## Provided data
- Opening Delimiter -

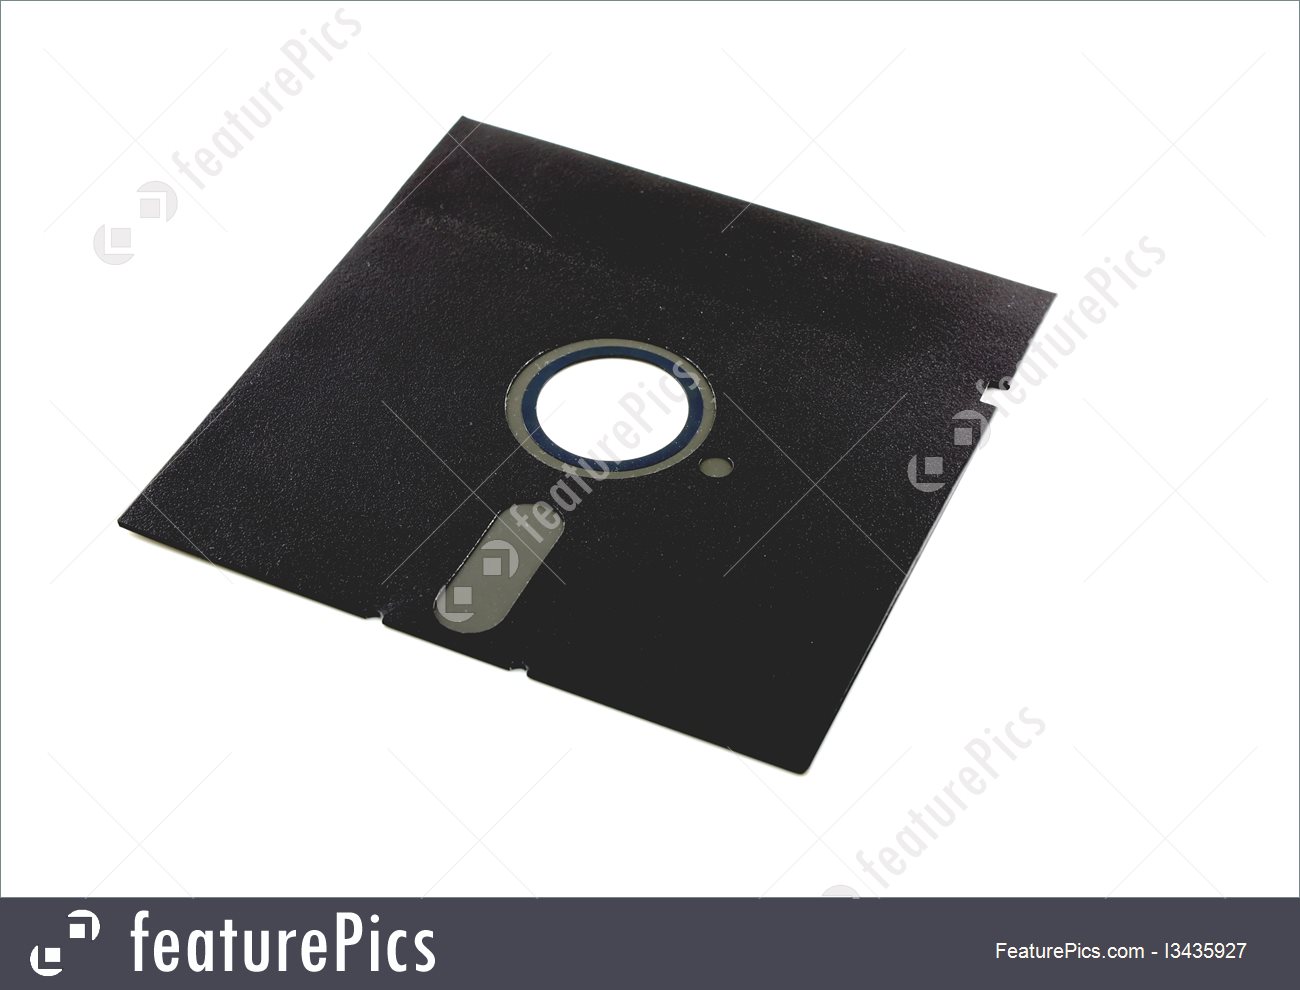 floppy disk image
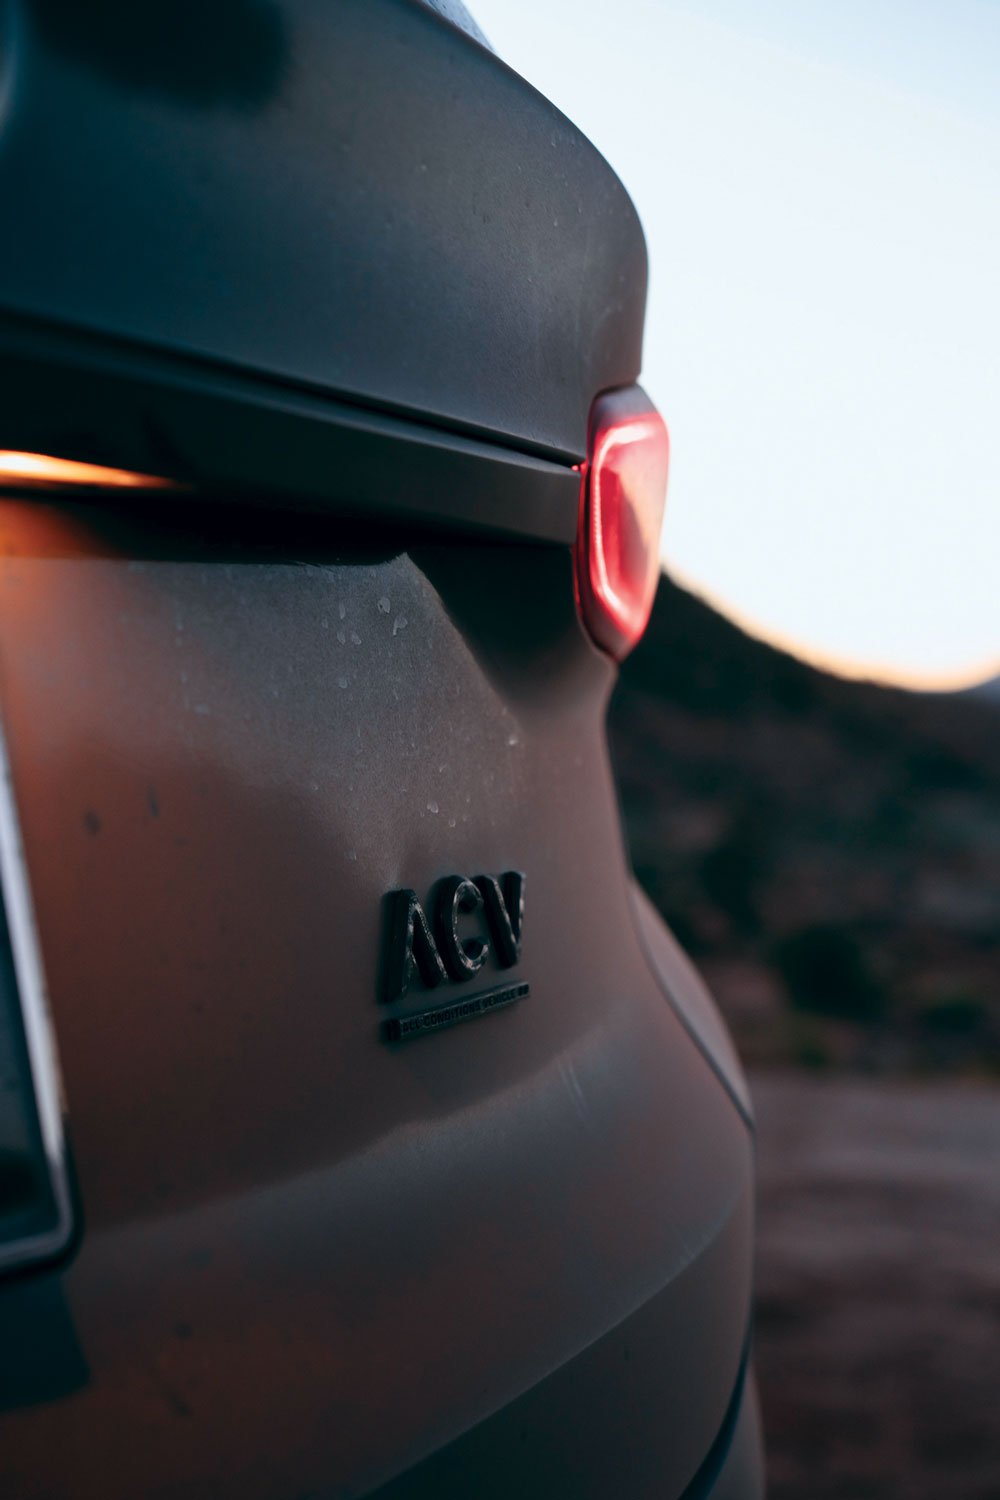 Hyundai Santa Fe badged as the ACV (All-Conditions Vehicle)
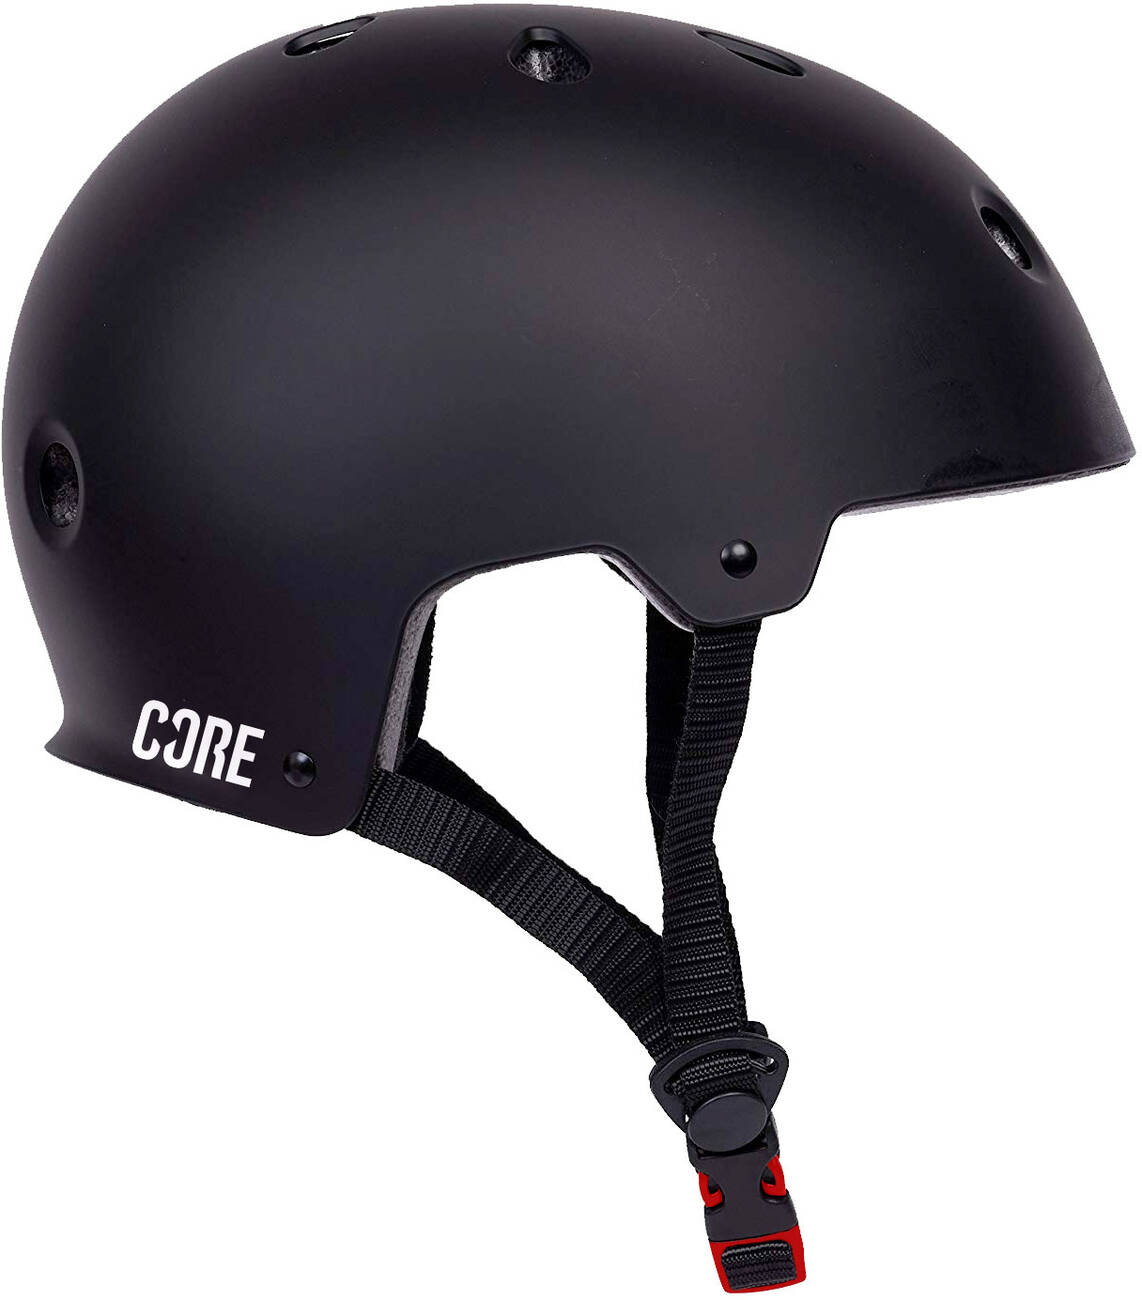 Skate &amp; bike helmet

- Closing Delimiter -

## Requirement
Although the material contains pictures, only the lines are to be written out, exactly as they stand.

## Result of the exercise
 floppy disk image
 Hyundai Santa Fe badged as the ACV (All-Conditions Vehicle)
 Skate &amp; bike helmet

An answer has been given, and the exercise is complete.